3月3日の夜、東北新幹線の新型車両「E5系 はやぶさ」のデビュー2日前
この日は仕事が押していて、私はまだ会社で残業をしていた。
そんな時、職場のマネージャーから突然声を掛けられた。
「明日の会議、俺に代わって出席してくれないか。」
その唐突な申し出に私は驚いた。
明日は仕事帰りに帰宅せず直接仙台へと発つつもりだったのだ。
しかし、マネージャーからの依頼は仕事の話。断る訳にもいかず、内心渋々で了承をしたのだった。

そして翌日。
私は登山用の大きなザックにカメラ機材一式と最低限の着替え用の下着、会議用の資料を詰め込み、それを普段着慣れていないスーツ姿で背負って会議へと赴いた。

会議はスムーズに進み、予定より早く終わった。
これは運がよかった。当初、仕事を20時に切り上げ24時仙台着の予定だったが、東京駅20時4分初の「はやて41号」に乗車する事が出来たのだ。

19時50分頃に東京駅に到着した私は、まず切符売り場へと向かった。だが、切符を購入するためでは無い。
 既に乗車券と特急券を準備していた私が欲しかったのは東北新幹線の時刻表だった。

時刻表の表紙は「E5系はやぶさ」。翌日3月5日のダイヤ改正後の時刻表だ。
時刻表のページをめくると「はやぶさ1号」の文字
そして「グランクラス」のマークも記載されている。
明日、東北新幹線の新しい時代が始まるのだ。

新しい時刻表を手にして御満悦の私が次に向かったのは駅弁売り場。
はやて号の車内で夕食を摂るためだ。

私が選んだのは「チキン弁当」
雑誌でも紹介される程の、歴史ある東京の名弁当だ。
しかし、私が頼んだ時には既に売り切れ。しかたなく第2候補の「深川めし」とお茶を購入し、すでに出来ている「はやて41号」の乗車待ちの列の最後尾へと並んだ
列の前方で並んでいた人の手には「チキン弁当」がぶら下がっていた。それを子供の様に羨ましく思いながら乗車の時を待った。

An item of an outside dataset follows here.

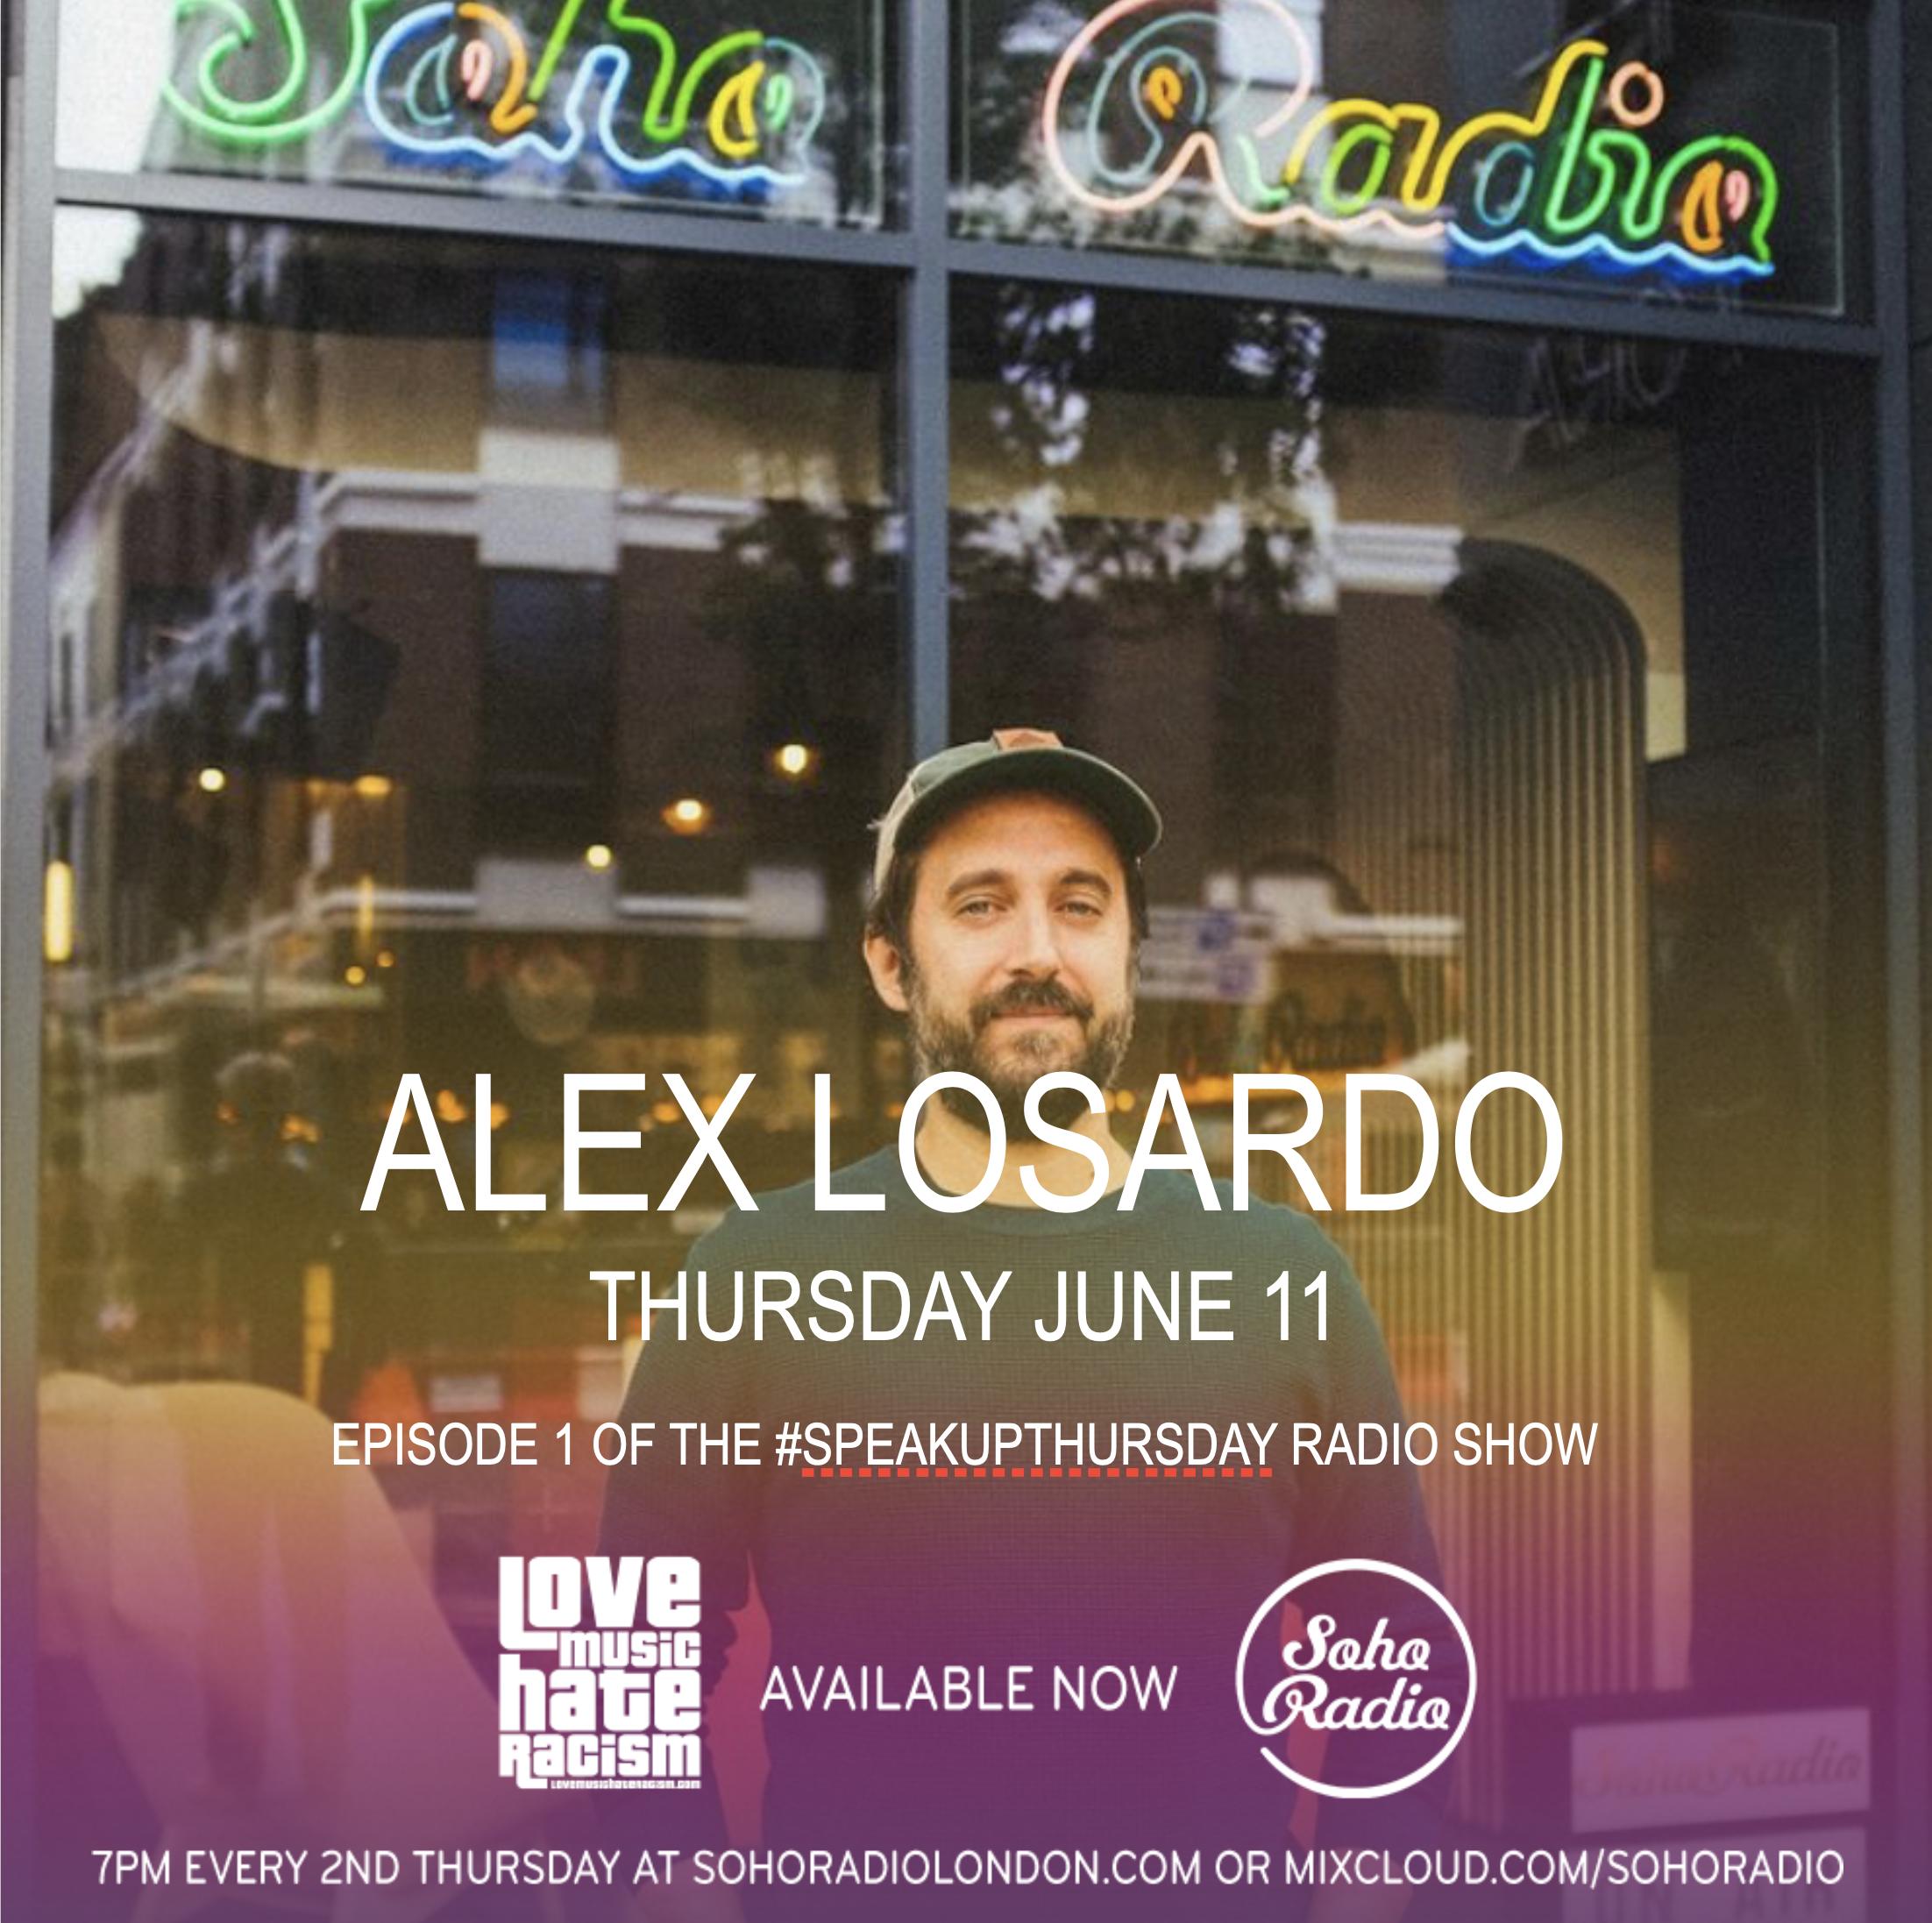 #speakupthursday featuring Alex LoSardo

車内清掃が終わり、ドアが開くと一気に乗客が流れ込む。
全席指定の「はやて号」だが、荷物棚には指定は無い。皆、手に持った荷物を次々に棚の上に載せて行く。座席の7割くらいの乗客が着座した頃には荷物棚はいっぱいになっていて、後から乗り込んできた乗客は手に抱えた荷物に四苦八苦していた。

全席指定で全ての席が完売している旨の車内放送が流れた後、「はやて41号」は新青森へと向け出発した。

空腹を訴える私の胃袋に応えるように、早速ディナータイムとする事にした。
私の隣の席で、花束と沢山の荷物を抱えていたスーツ姿の青年も、おもむろに袋から駅弁を取り出し、食事を始めた。
こうなると、お互いどうも隣の芝生が気になってしまう。
互いの弁当をチラ見しながら、「そっちの方が旨そうだなぁ」「いやっ!値段ではオレの方が勝っている。」そんな無言のバトルがあったように思う。
しかし、その静かなる闘いが急展開を迎える。
私の弁当のアサリご飯の上には柔らかく上品は味付けの煮アナゴと魚の甘露煮が載っていた。
私は鮎の甘露煮かなと思って箸で摘み上げたが、なんとその魚はハゼだったのだ。
天ぷらなどでは食した事はあったが、ハゼのあの顔あの姿のままの甘露煮にはさすがに驚いてしまった。
パッと見、ドジョウの様にも見えるその表情に箸が止まってしまったが、ここで引いては男が廃る!
私は潔く頭からかぶりついた。
その瞬間、隣の席の青年が僅かに仰け反る姿が見えた。

この勝負、私の勝ちだ・・・!

勝手にそんなくだらない思いに心を馳せていると、列車は大宮駅へと滑り込んでいった。

大宮駅を過ぎると、そこから先は高速走行区間へと突入する。
明日乗車する「はやぶさ号」との比較が出来ると、座面に神経を集中する。
しかし、そこは日本が世界に誇る新幹線。ほとんど揺れは感じない・・・。
せっかくE5系の最新技術の「フルアクティブ・サスペンション」との比較をしたかったのに。
強いて気になる点を挙げるとしたら、縦揺れ程度。これは軌道側の問題であり、車両が新しくなっても変わる所ではないだろう。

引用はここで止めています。